[Available records — start]

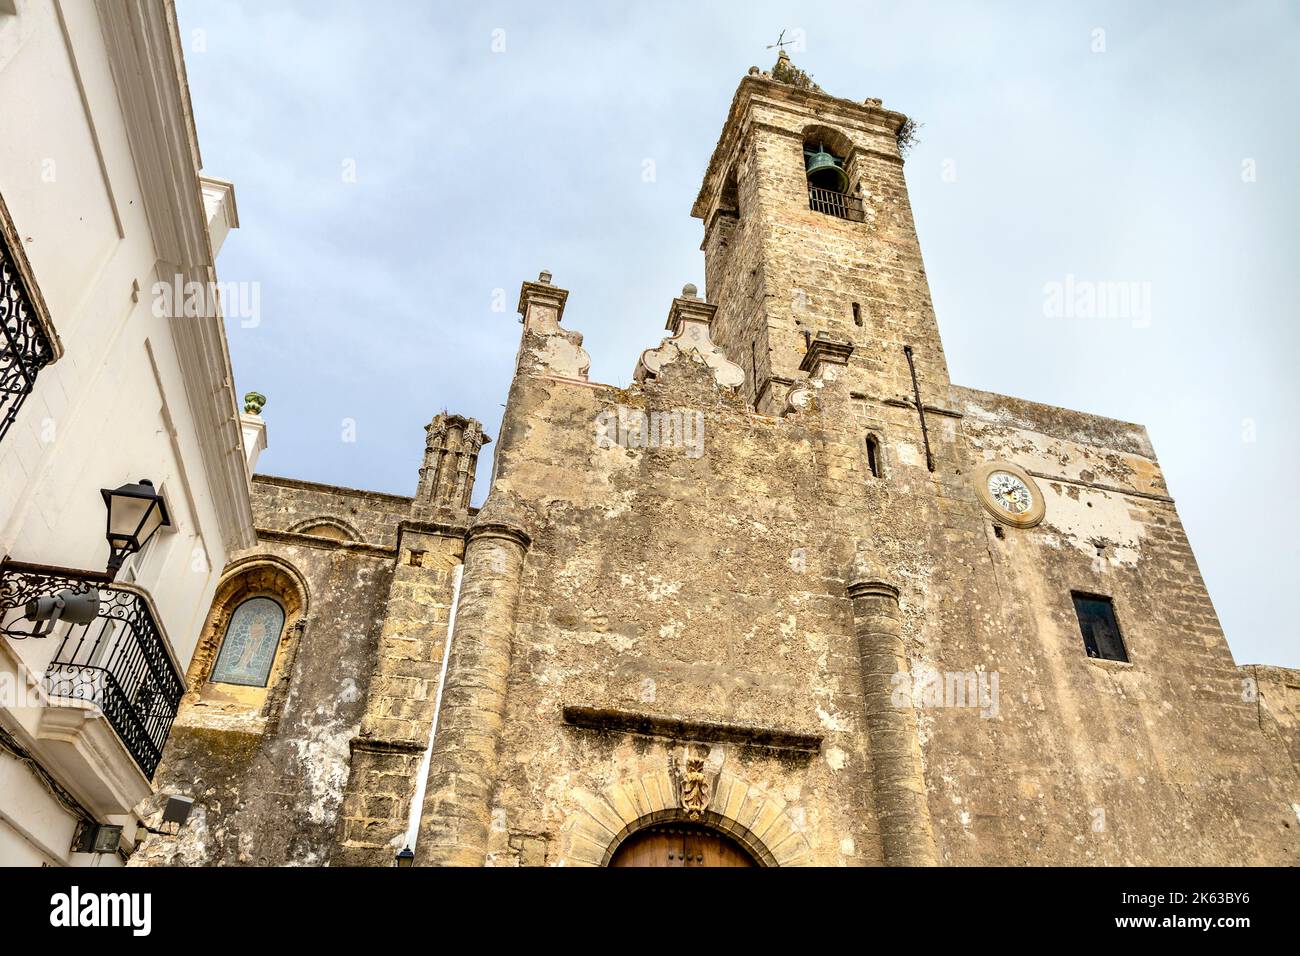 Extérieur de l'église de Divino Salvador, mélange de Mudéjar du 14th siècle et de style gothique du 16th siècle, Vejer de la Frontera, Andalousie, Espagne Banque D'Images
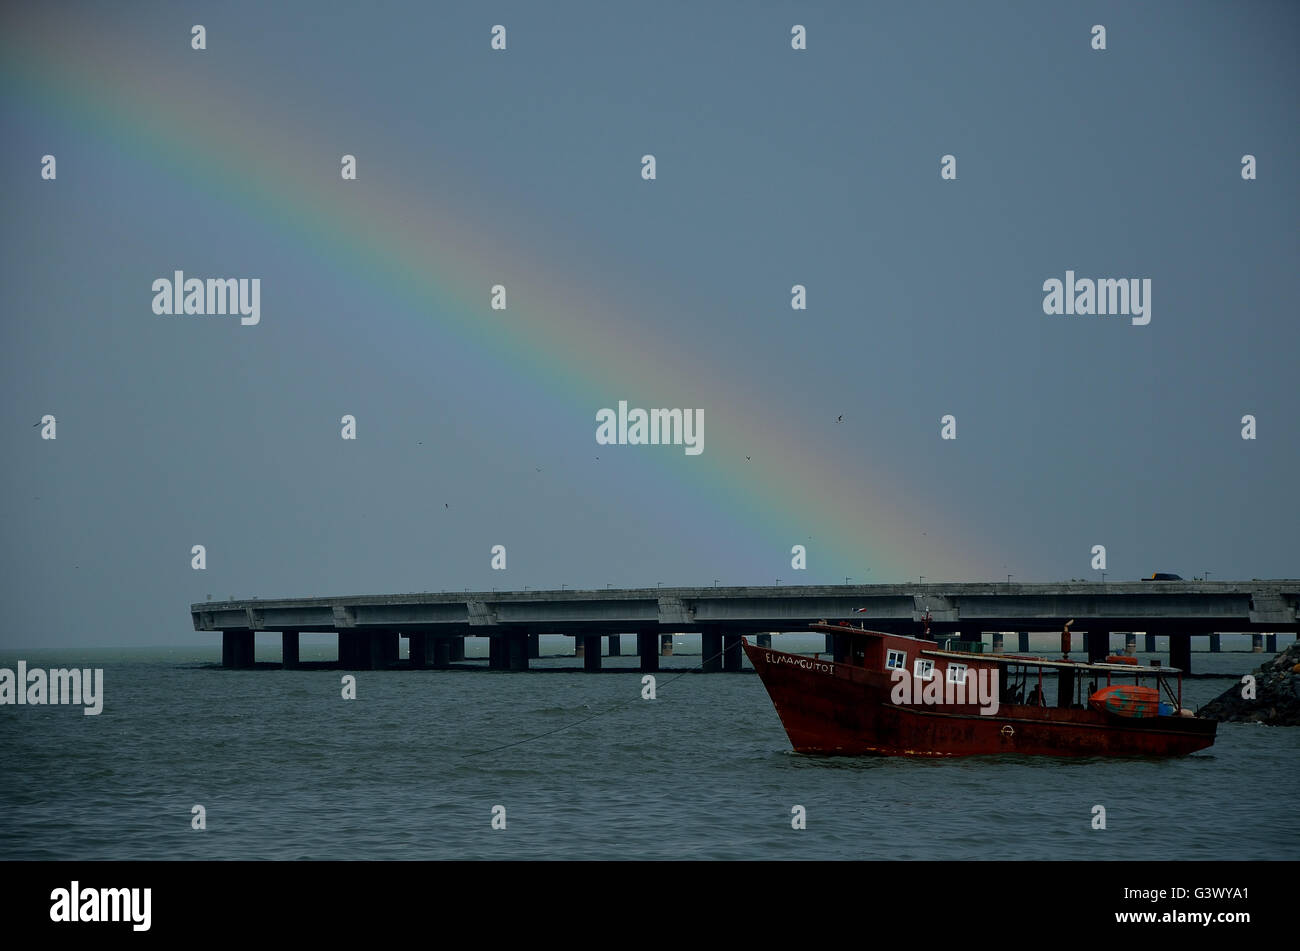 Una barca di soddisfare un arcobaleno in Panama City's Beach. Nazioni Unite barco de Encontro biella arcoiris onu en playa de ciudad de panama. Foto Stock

[Available records — finish]
[Available records — start]

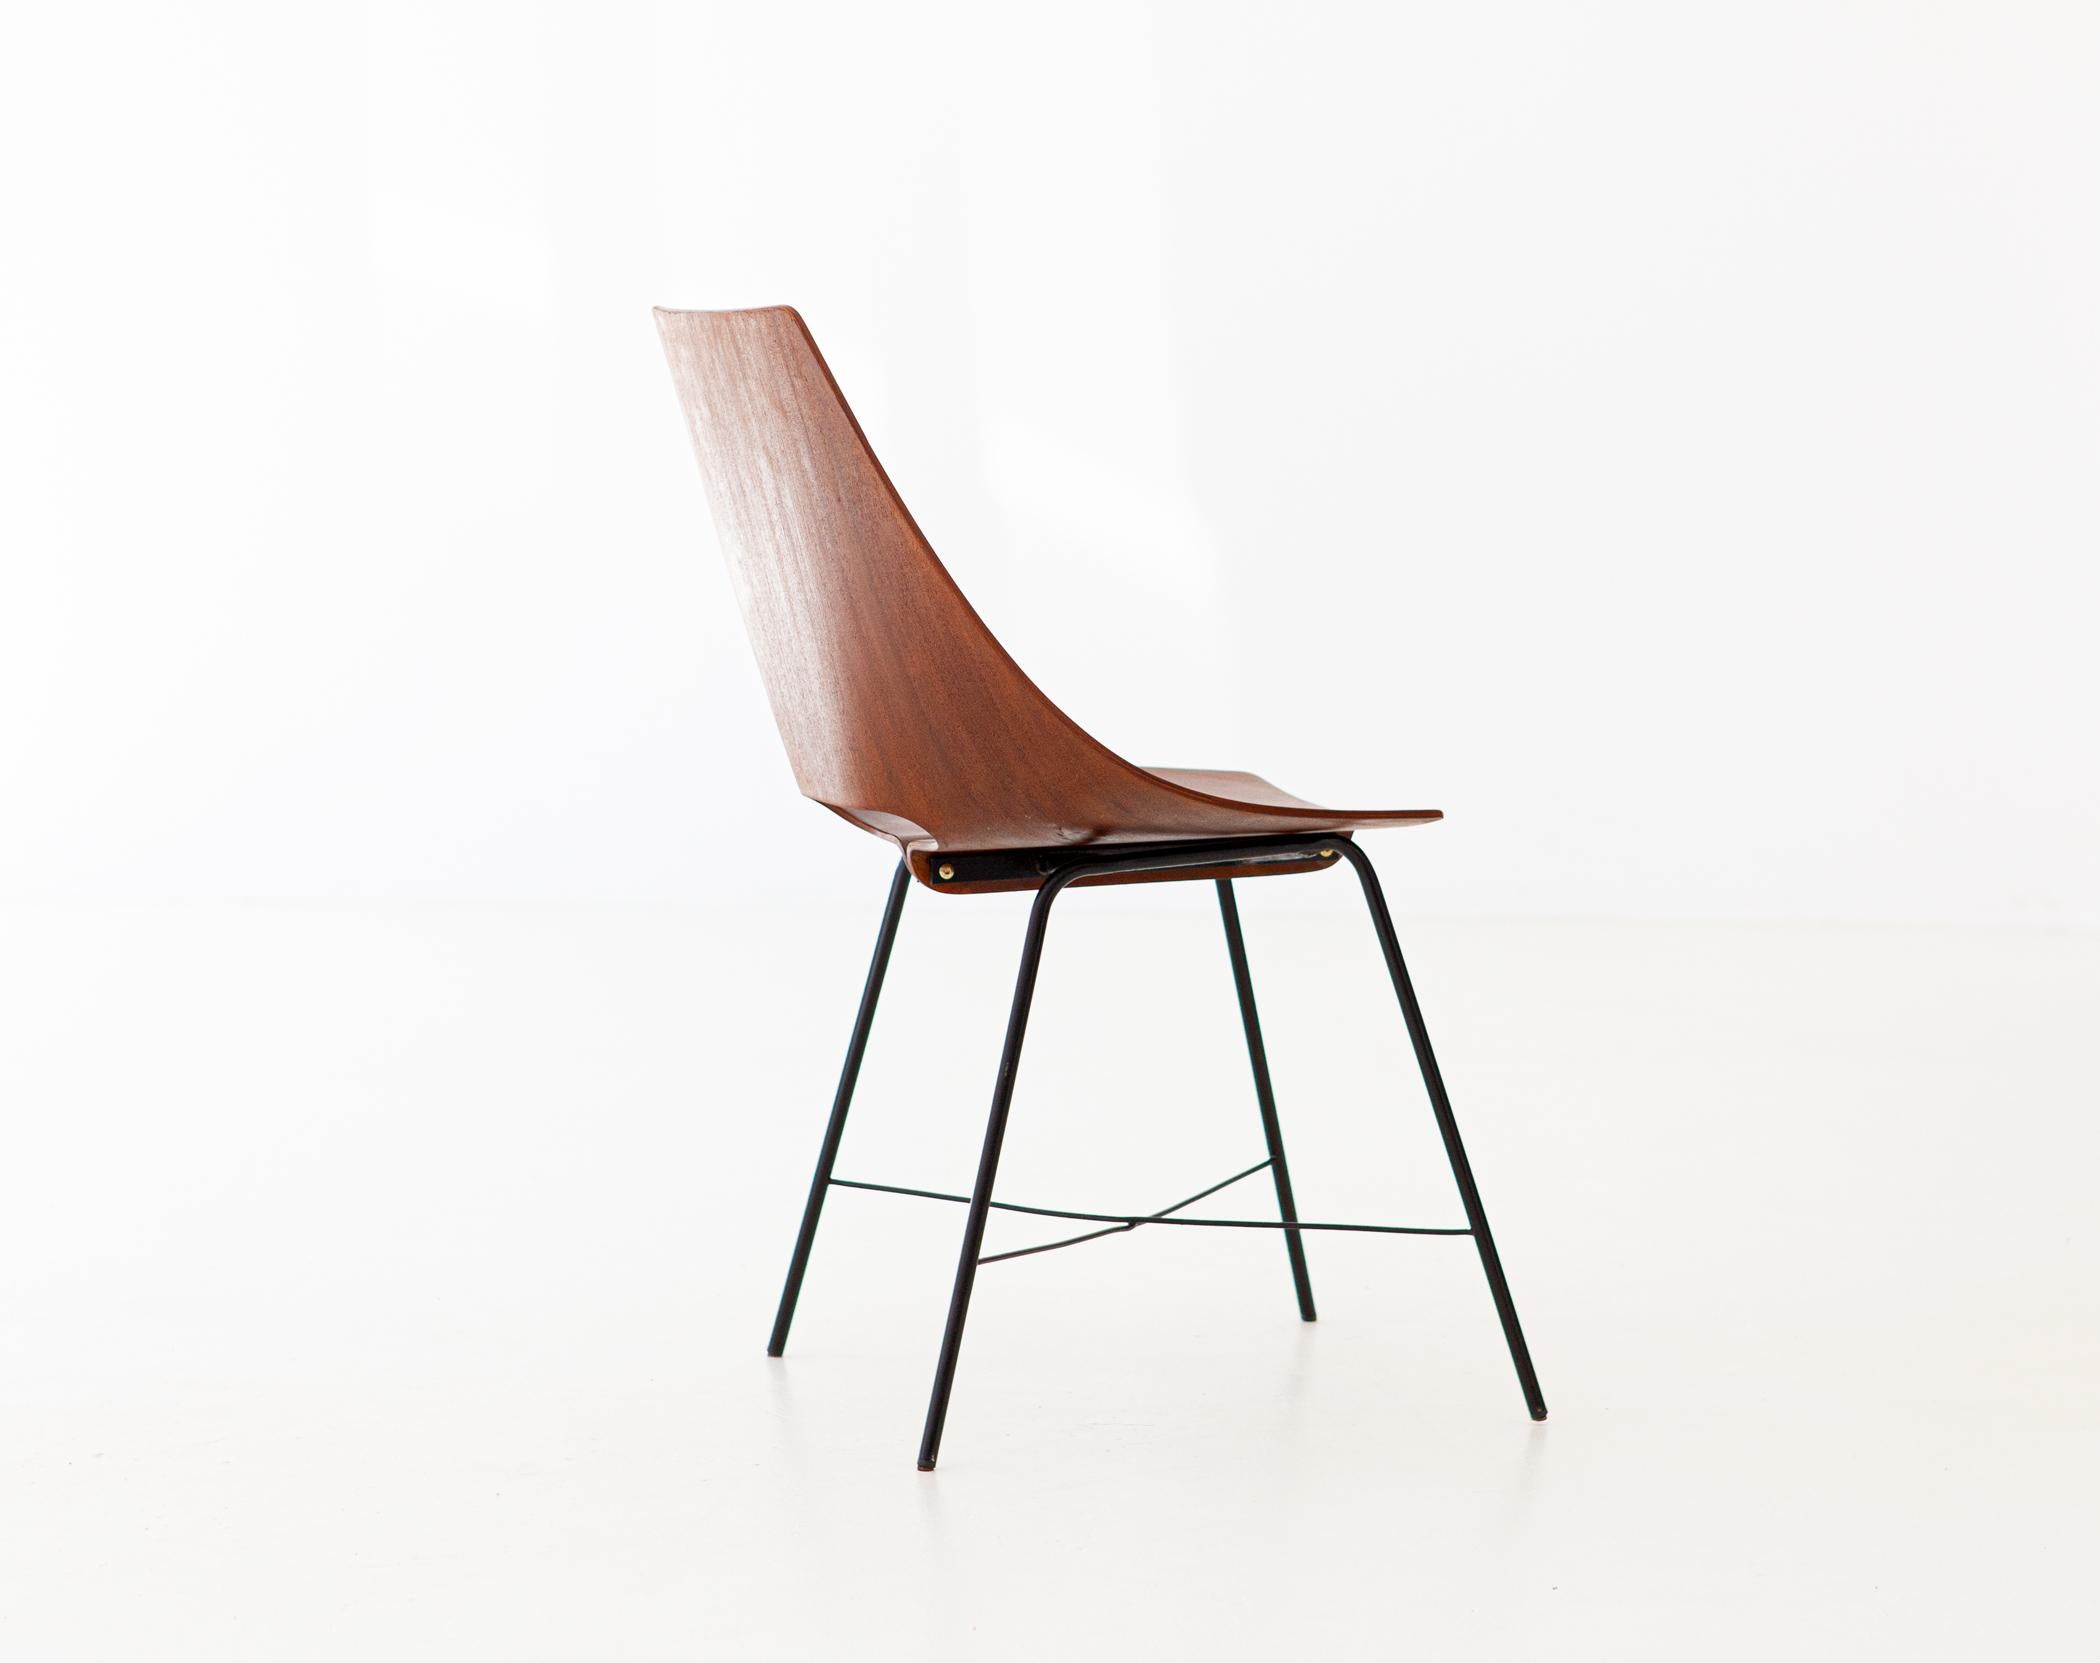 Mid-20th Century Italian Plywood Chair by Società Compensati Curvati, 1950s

[Available records — finish]
[Available records — start]

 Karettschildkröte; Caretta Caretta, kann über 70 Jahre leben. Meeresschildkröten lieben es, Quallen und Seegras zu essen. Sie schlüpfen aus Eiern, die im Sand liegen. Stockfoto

[Available records — finish]

#### What needs to be done
The answer must be the part of the records that opens with the line containing "Extérieur de l'église" and closes with the line containing "Una barca di", reproduced exactly, with no pictures.

#### Output
 Extérieur de l'église de Divino Salvador, mélange de Mudéjar du 14th siècle et de style gothique du 16th siècle, Vejer de la Frontera, Andalousie, Espagne Banque D'Images
 Una barca di soddisfare un arcobaleno in Panama City's Beach. Nazioni Unite barco de Encontro biella arcoiris onu en playa de ciudad de panama. Foto Stock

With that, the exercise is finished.